Common Issues & Resolutions

Troubleshooting Quick-Reference

This page compiles the most common issues encountered by VergeOS administrators, organized by subsystem. Each section includes symptoms, root causes, and step-by-step resolution procedures.

VM Network Connectivity

Network connectivity problems are the most common support topic. Before diving in, verify whether other VMs in the same environment can reach the internet. If none can, the issue is likely upstream of VergeOS (switch, firewall, ISP).

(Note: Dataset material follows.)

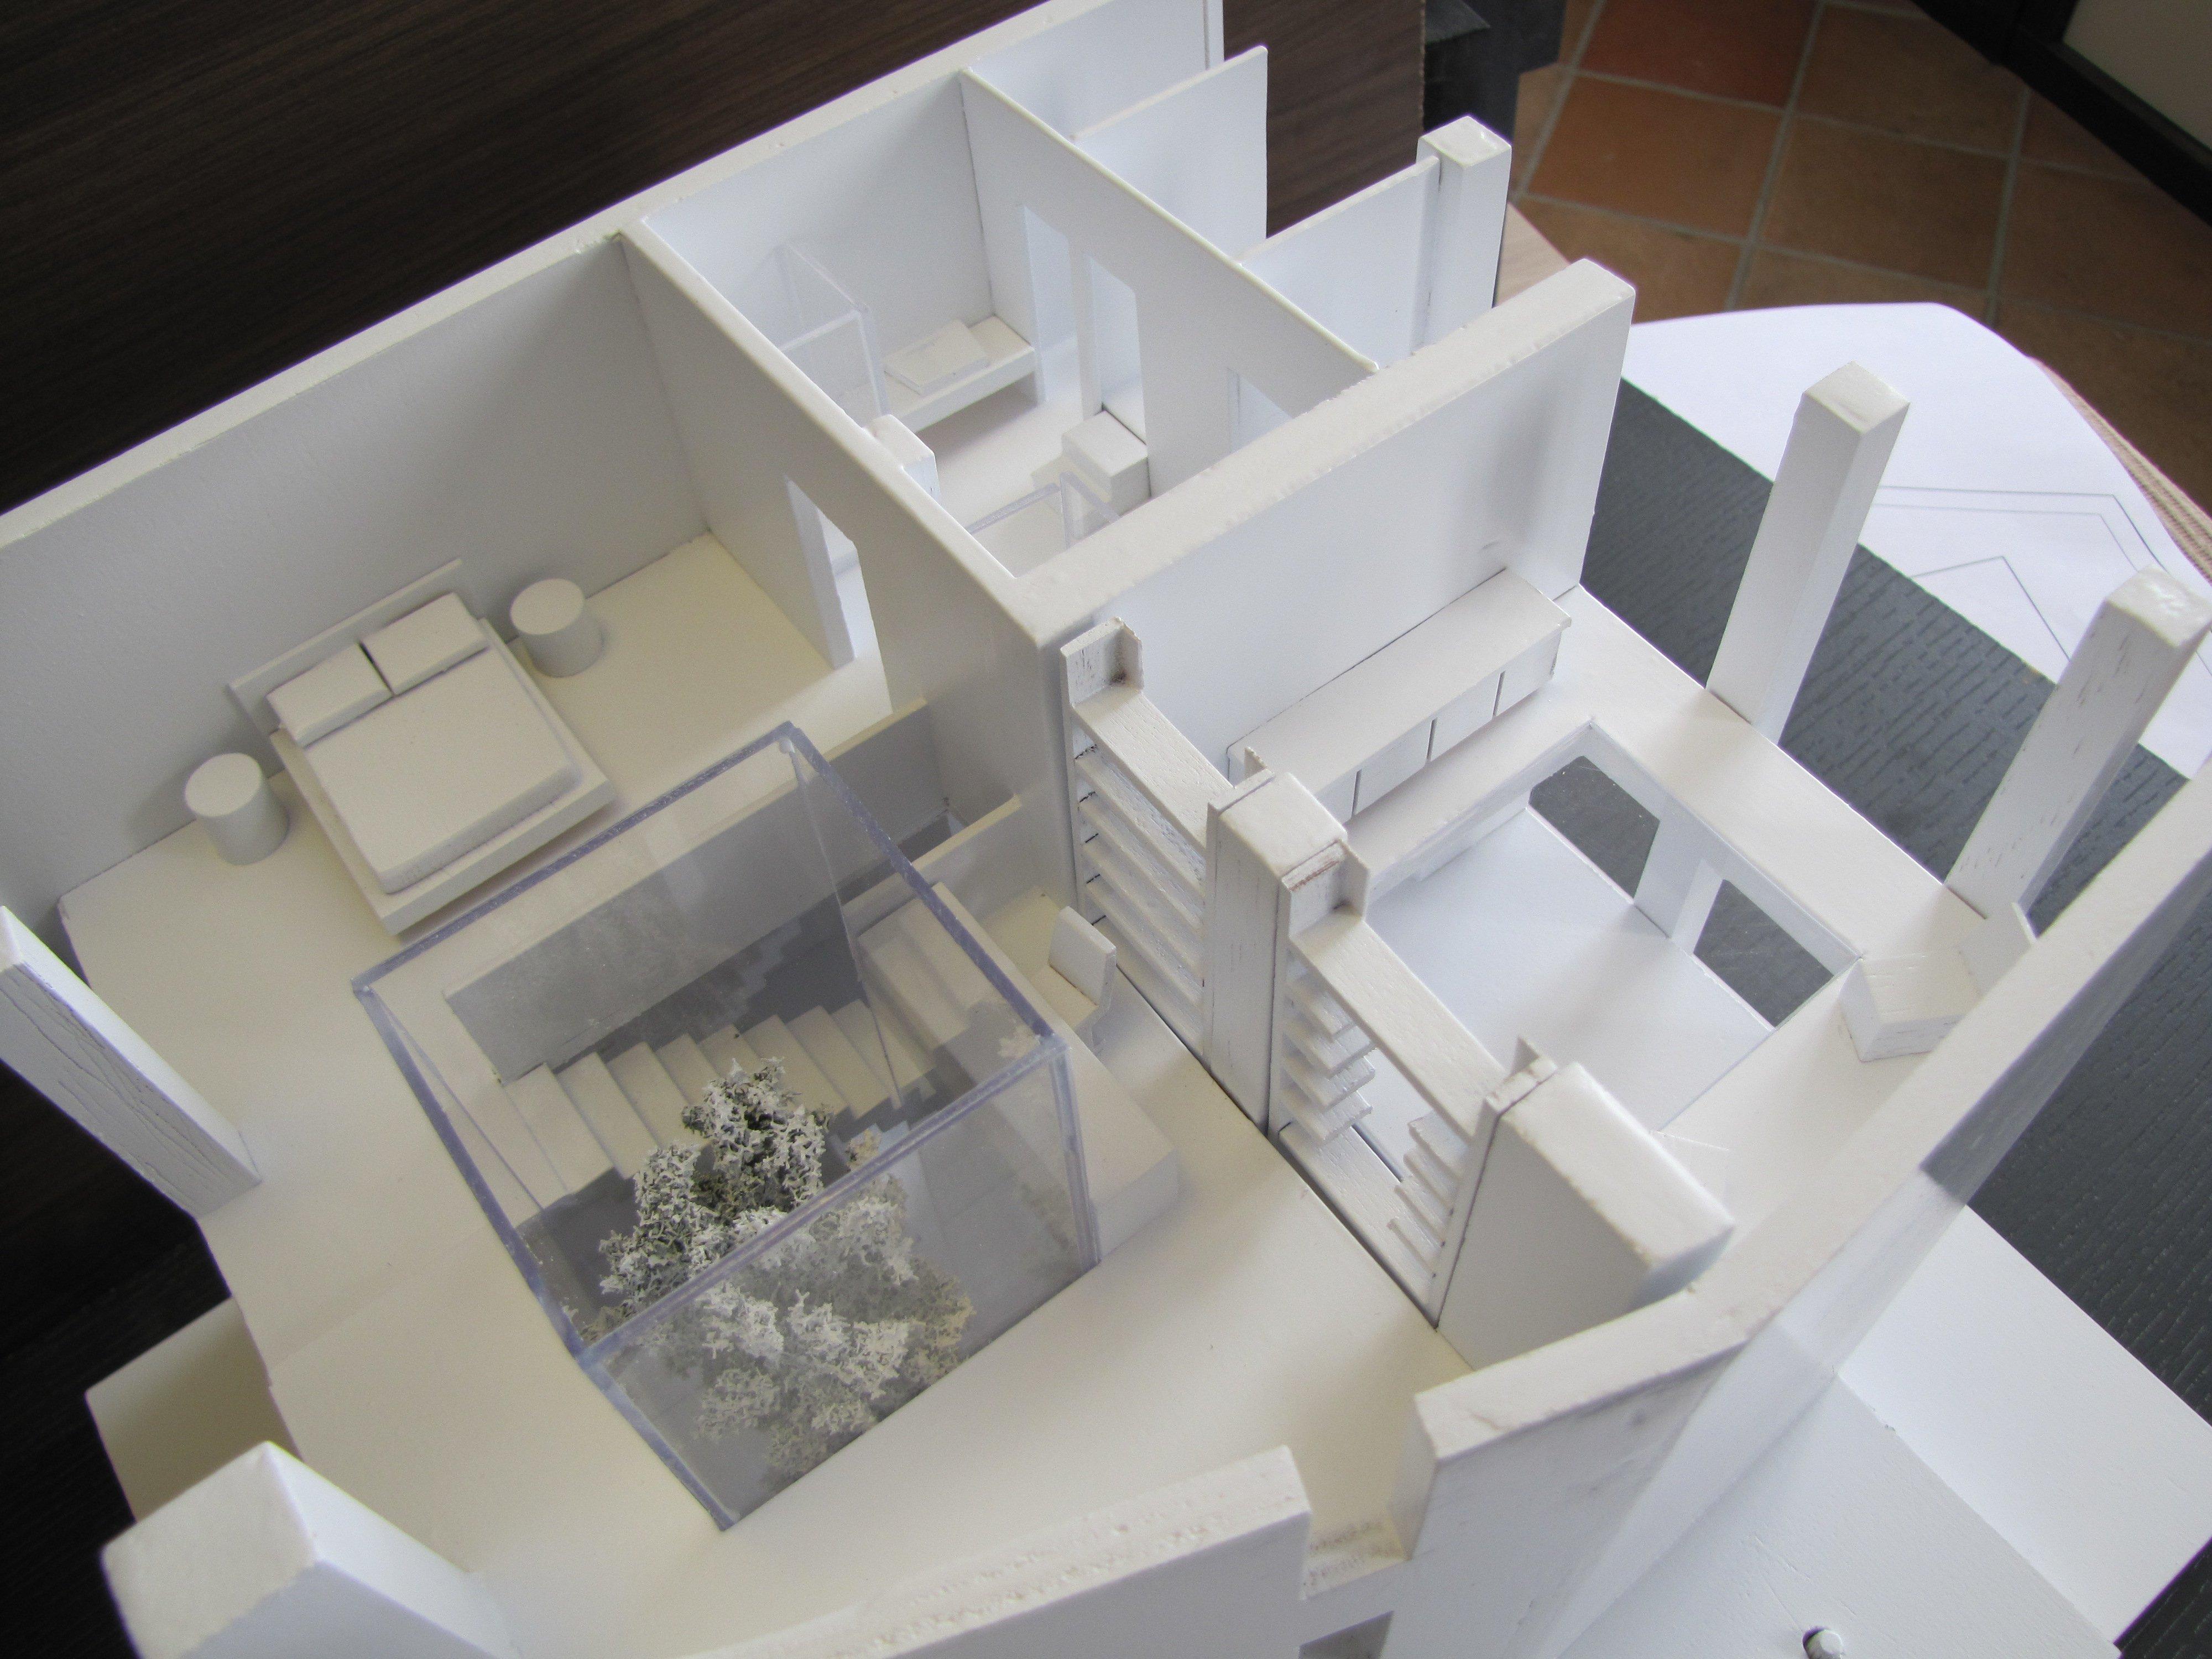 diorama arredi scala 1-25

If other VMs work fine, the problem is almost always a configuration miss on the affected VM.

Missing NIC Configuration

Symptom: VM boots but has no network interfaces visible in the guest OS.

Resolution:

Open the VM dashboard and check the NICs section
If no NIC is listed, click Add NIC
Select the correct network and set the interface type to VirtIO (recommended) or E1000 for legacy compatibility
Power-cycle the VM for the NIC to appear

Wrong Network Assignment

Symptom: VM has a NIC but cannot reach other VMs or the internet.

Resolution:

Navigate to the VM dashboard → NICs
Verify the NIC status is Up
Confirm the Network column shows the correct network — compare against a working VM in the same environment
If incorrect, edit the NIC and reassign it to the proper network
Power-cycle the VM

Missing VirtIO Drivers

Symptom: Windows VM shows no network adapter in Device Manager, even though a NIC is configured in VergeOS.

Resolution:

Verify a NIC exists in the VM’s NICs section within VergeOS
Connect to the VM via the Remote Console
Install the VirtIO drivers from the guest agent ISO — refer to the VergeOS documentation on VM Guest Agent for download and installation steps
After driver installation, Windows will detect the network adapter automatically

Improper Guest IP Configuration

Symptom: NIC is present and drivers are installed, but the VM still cannot reach the network.

Resolution:

Inside the guest OS, verify the network adapter is detected and enabled
For DHCP: ensure the network has a DHCP service running (check Networks → [Network] → DHCP)
For static IP: confirm the IP address, subnet mask, gateway, and DNS settings match the network design
Use the Network Diagnostics tool (ping, ARP scan) from the VergeOS network context to verify Layer 2 connectivity

Guest Memory Reporting

Administrators migrating from VMware or Nutanix often notice that VergeOS reports higher memory usage than they expect. This is by design — not a problem.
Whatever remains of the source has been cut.